Pour reprendre pied avec sa terre, Vasconcelos a formé un duo avec Egberto Gismonti, guitariste et flûtiste, esprit savant. De temps à autre une vedette du rock et de la pop l'embauche pour une séance (les Talking Heads, Paul Simon, Brian Eno, mais aussi les Gypsy Kings). Aux clichés, samba-sexy ou bossa-nova easy listening, Gilberto Gil et Nana Vasconcelos opposent la richesse et l'étrangeté de rythmes et de sonorités nés dans un pays où le métissage est une valeur fondatrice.

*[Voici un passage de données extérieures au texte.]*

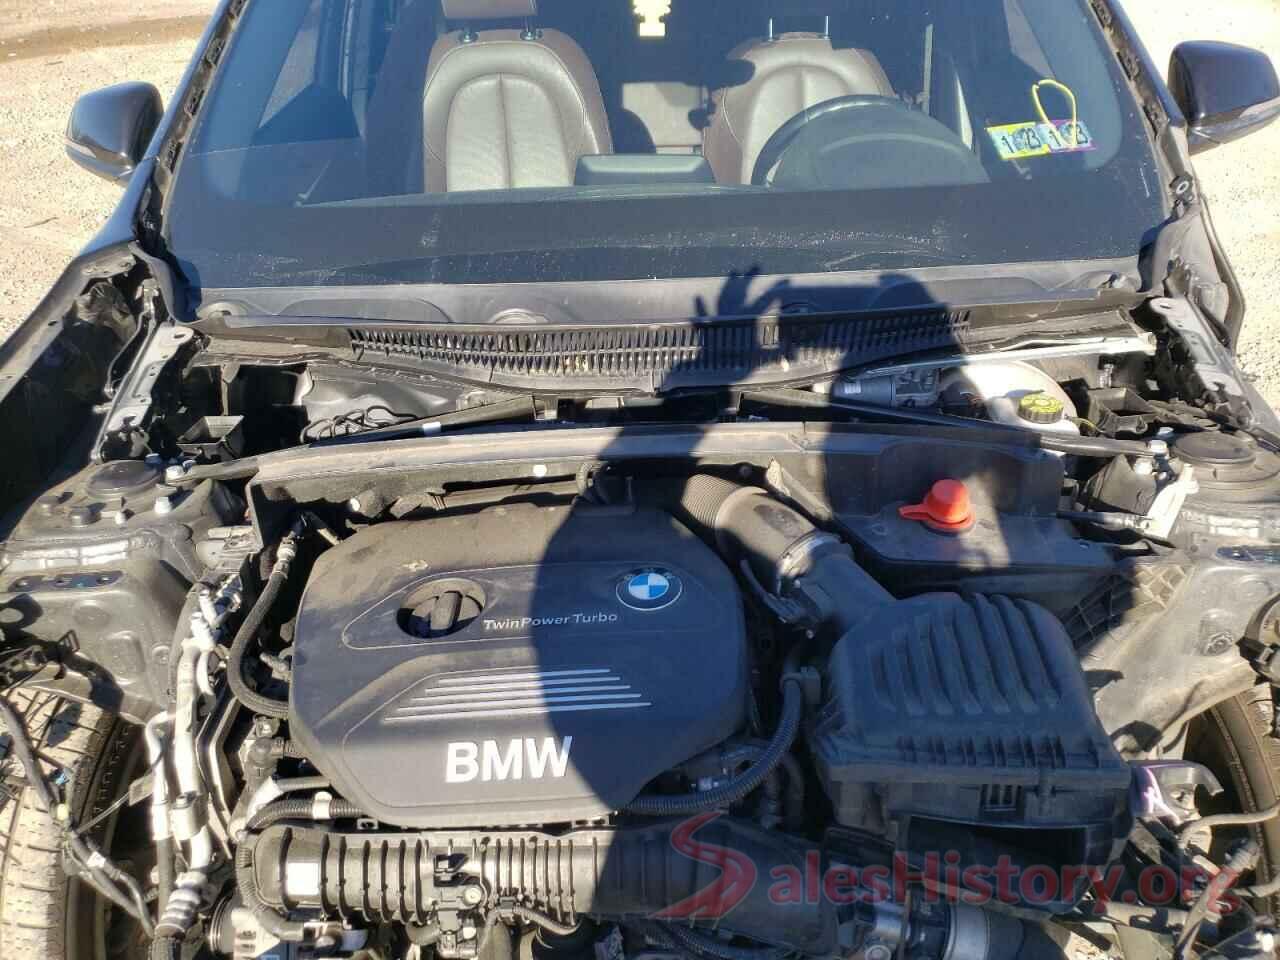 WBXHT3C38H5F86193 2017 BMW X1

C'est cette démarche qu'adopte également Lenine, marié pour un concert au flûtiste Carlos Malta ou Alceu Valença, chargés de propager les rythmiques de Pernambouc et ses mélanges naturels avec le rock et la pop. Des indiens devaient venir témoigner de l'apport indigène dans la culture brésilienne. En cette année de commémoration des 500 ans de la découverte du Brésil, le multi-instrumentiste Egberto Gismonti les y avaient invités. Disparus dans la nature, ils durent être remplacés. Nana Vasconcelos et Gilberto Gil se proposèrent. Gismonti sait tout jouer, du jazz, de la musique érudite (Villa-Lobos, à merveille), il sait imiter le vent et les oiseaux. Sa musique est d'une étrangeté savante, la subtilité de son jeu dégage une magie que ses deux enfants (guitare et piano) conviés en scène ne possèdent pas. Mais très vite, Nana Vasconcelos revient avec ses hochets, calebasses, baguettes, remettre de l'ordre dans le sacré, tandis que Gilberto Gil célèbre le passé africain.

Autour d'un verre

Une fois sortis de l'univers sylvestre et humide de Gismonti, tous deux sont allés s'asseoir, sur la scène de la Grande Halle à la table de bar figurant l'esprit du botequim, petit troquet où l'on consomme de la bière et de la cachaça en chantant des sambas de tous les jours. Sambiste de naissance, un peu voyou, un peu baratineur, comme il est de coutume dans les rues de Rio, l'invité du dimanche après-midi, Martinho da Vila démontre avec décontraction que la samba est d'abord une délicieuse chronique sociale et amoureuse, toute en dérision et métaphores. Evidemment la cuica, qui grogne, le surdo qui bat, les tambourins qui entraînent donnent la mesure de la folie dansante de la samba. Mais cet homme tranquille à la voix grave sait la ralentir avec un flegme sensuel. L'ode aux jolies mulâtresses, le couplet ironique sur l'homme cocu, la difficulté de travail et de la vie sans le sou sont narrées avec le sourire, et la certitude que la communauté des sambistes sait profiter des plaisirs offerts par les dieux.